[Provided material]

Segment Open

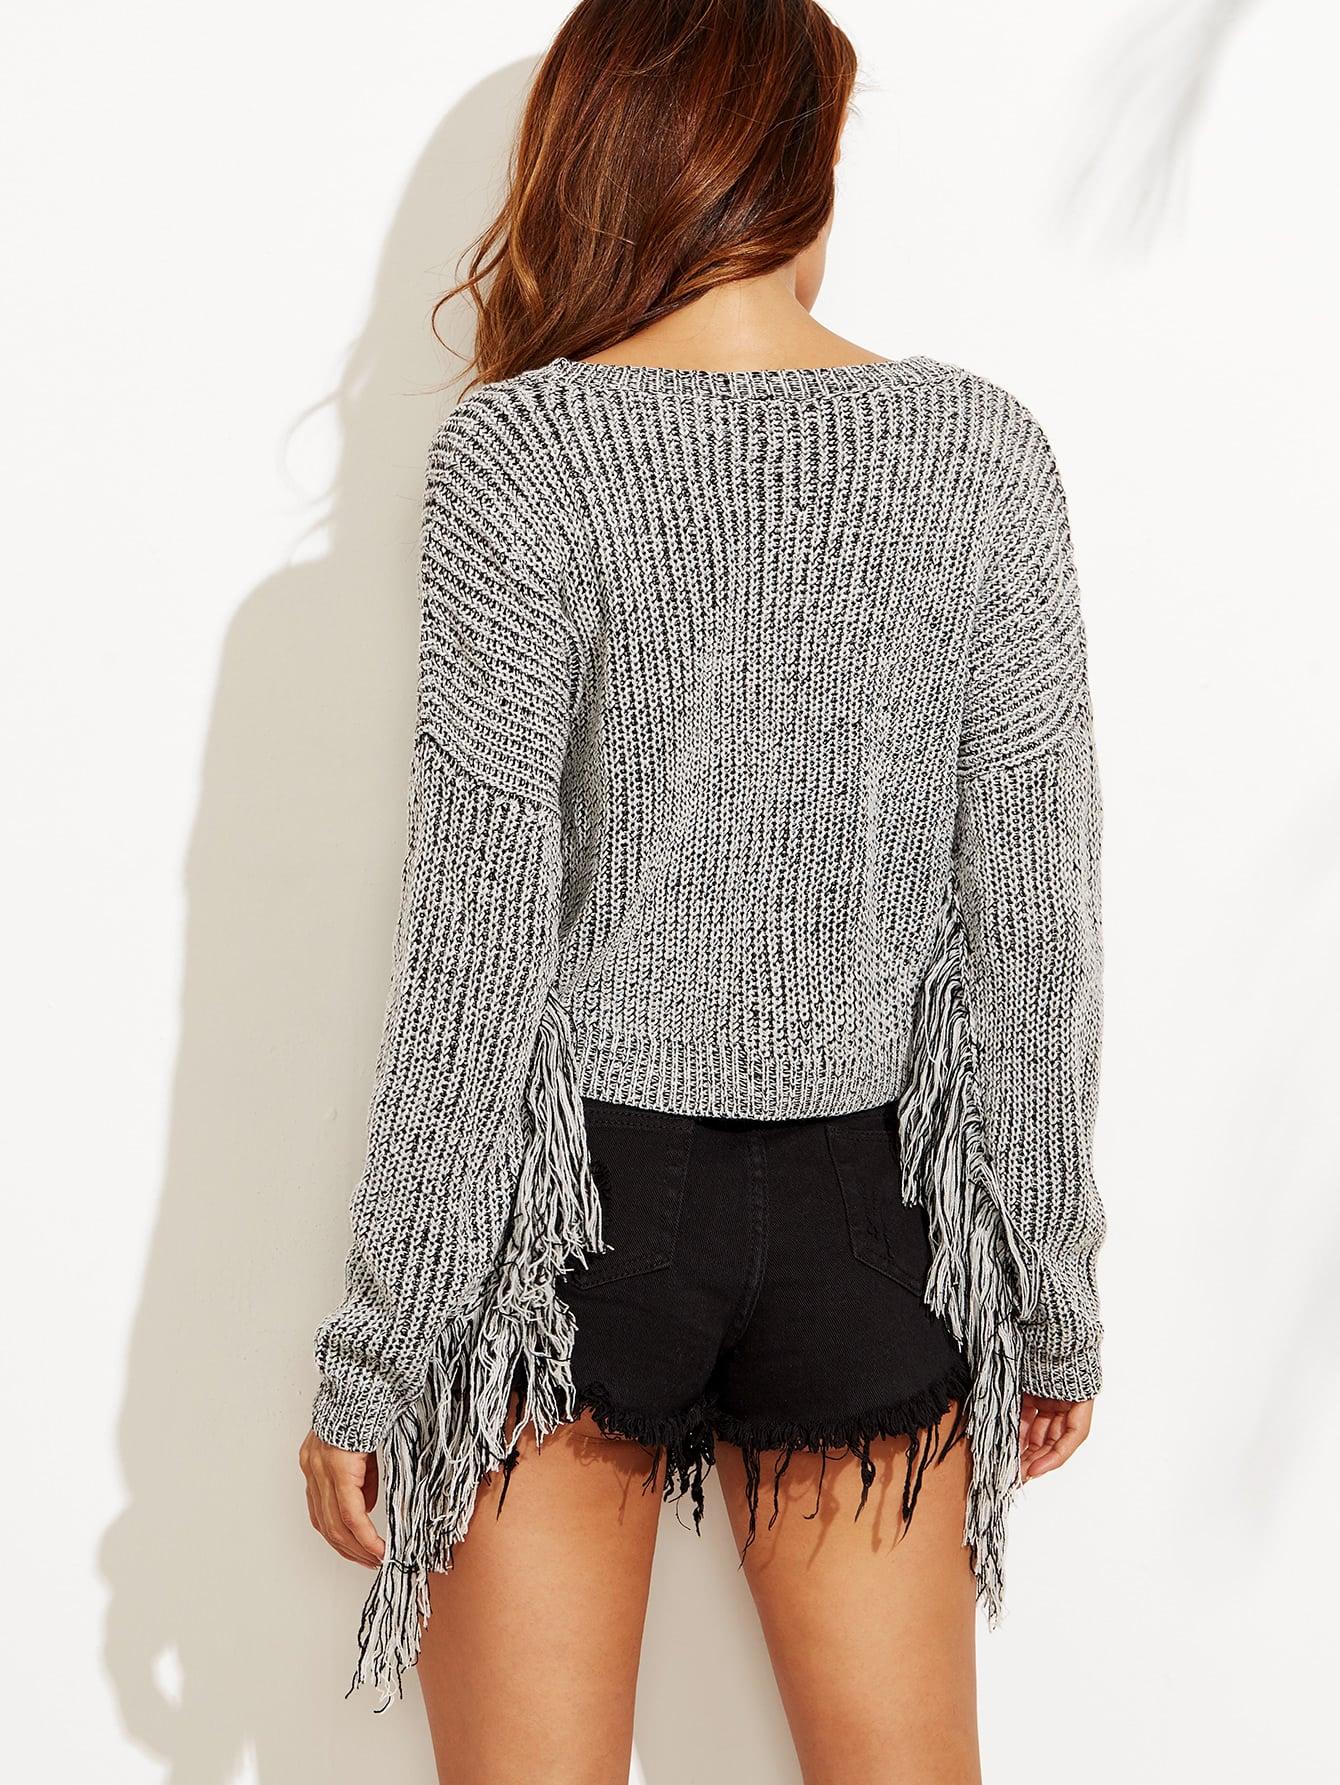 sweater160819704_2
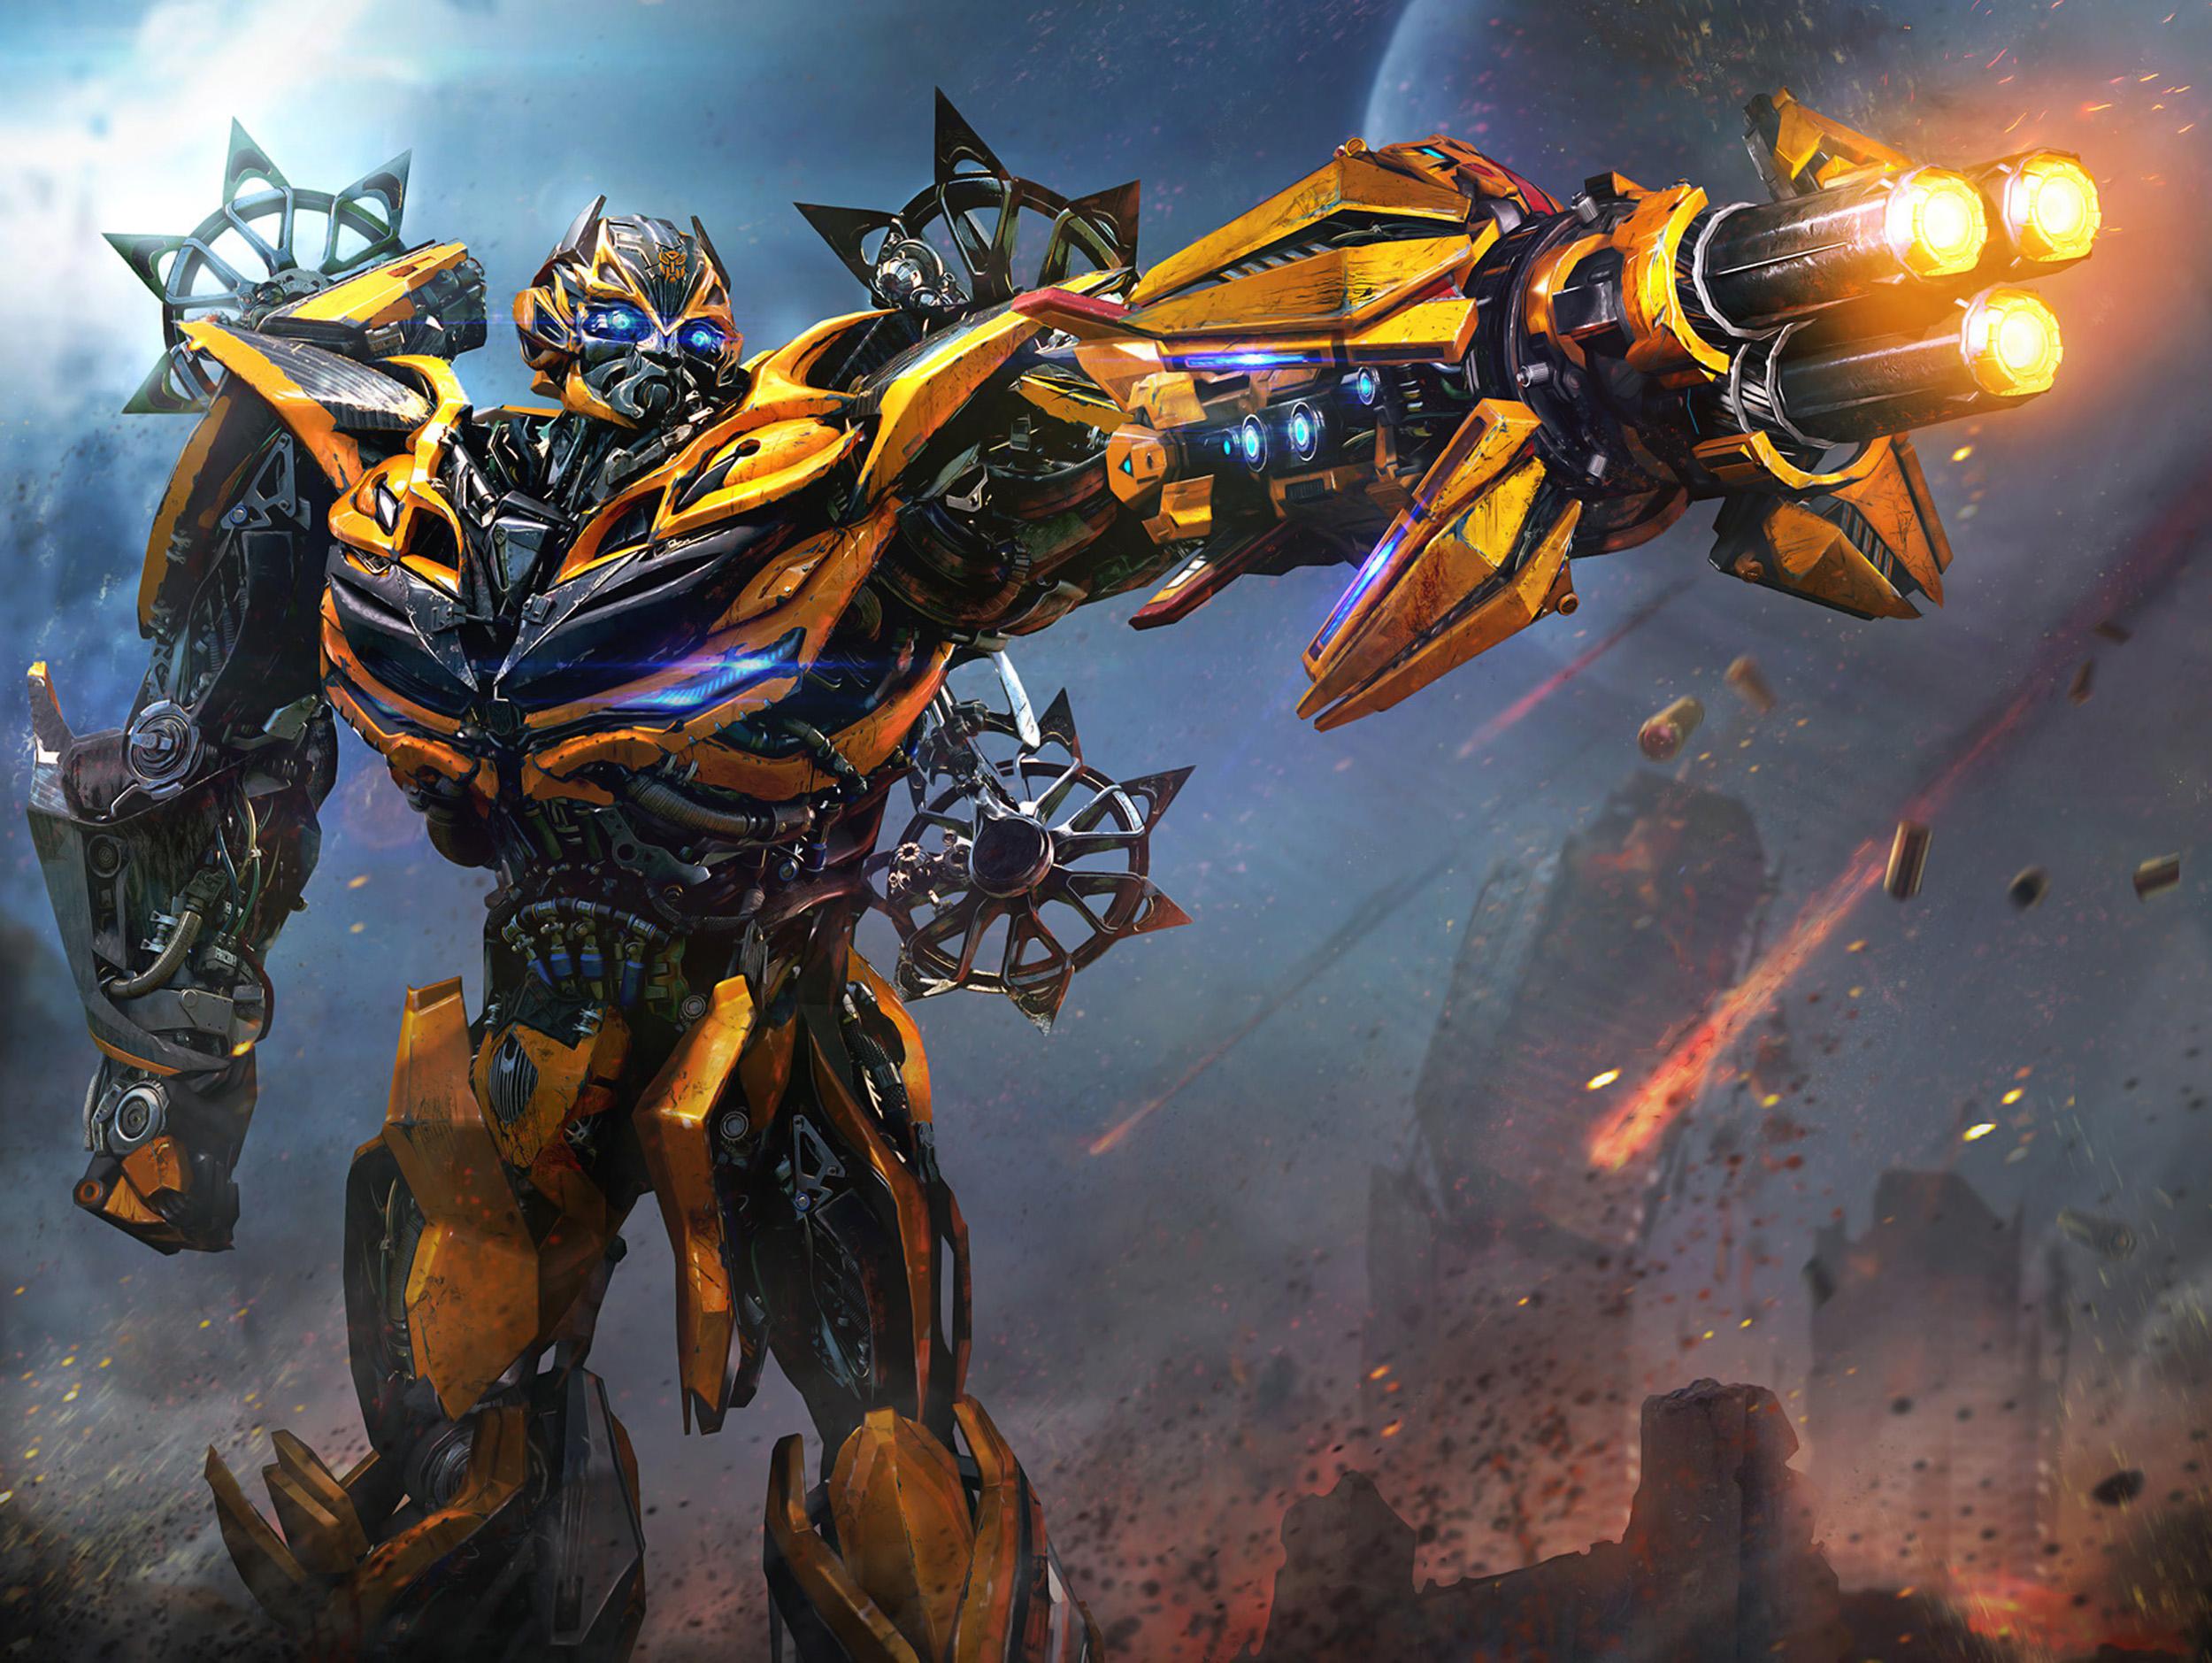 Bumblebee (Transformers) HD Wallpaper
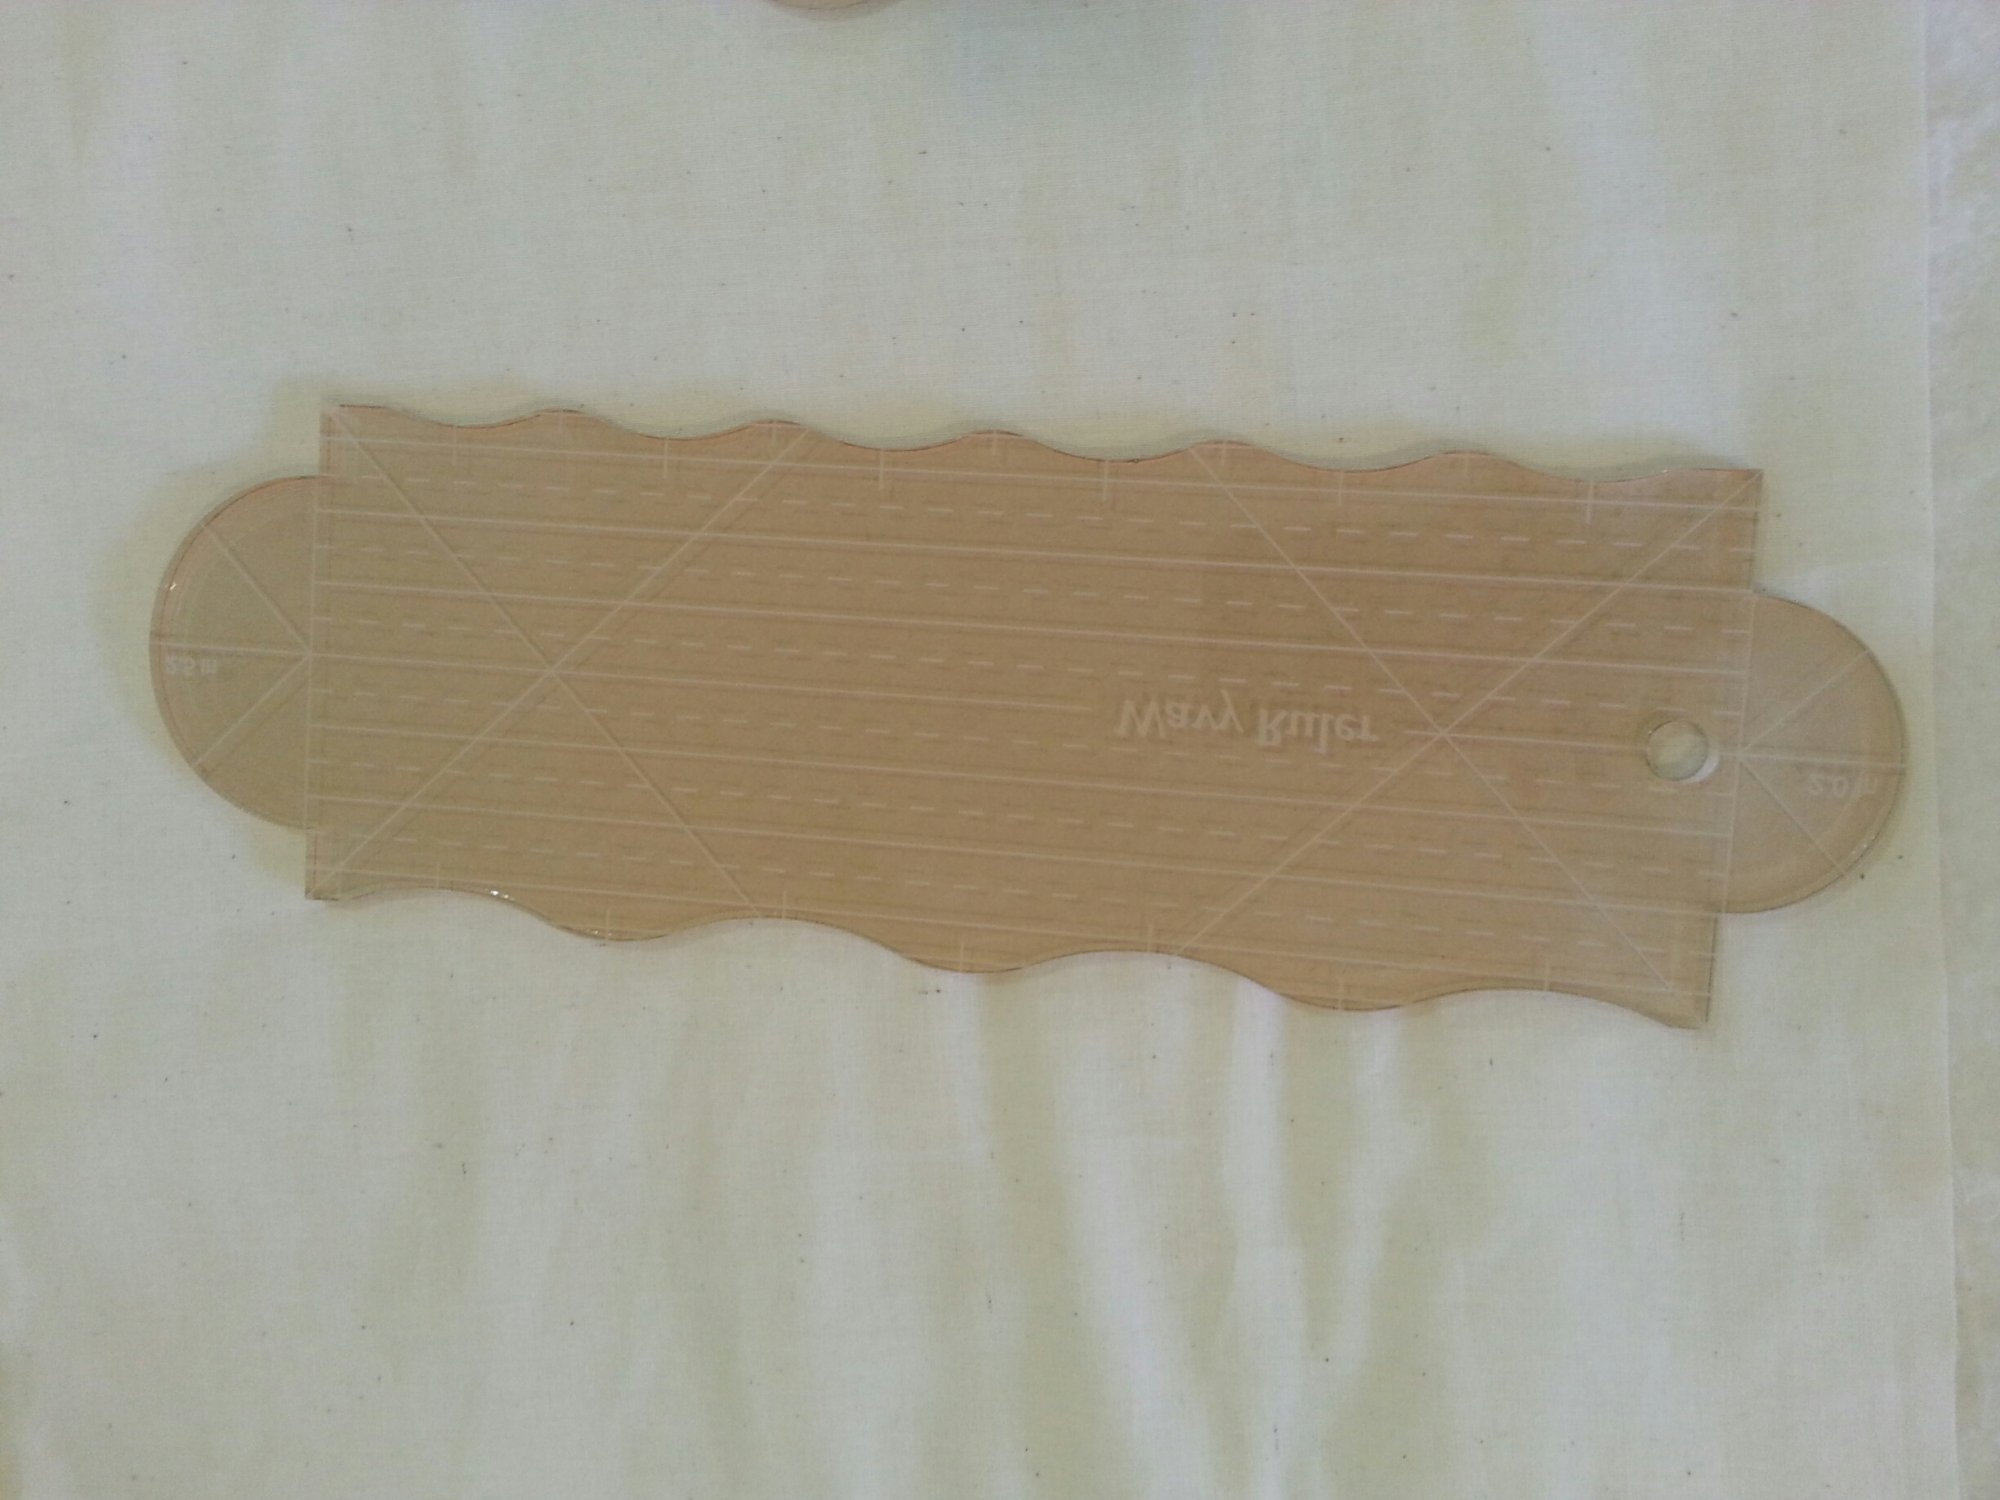 Wavy Ruler quarter inch lines

Segment Closed

[Activity] Every line of the listing is to be repeated exactly, and the pictures are to be dropped.

[Result for this task]
 sweater160819704_2
 Bumblebee (Transformers) HD Wallpaper
 Wavy Ruler quarter inch lines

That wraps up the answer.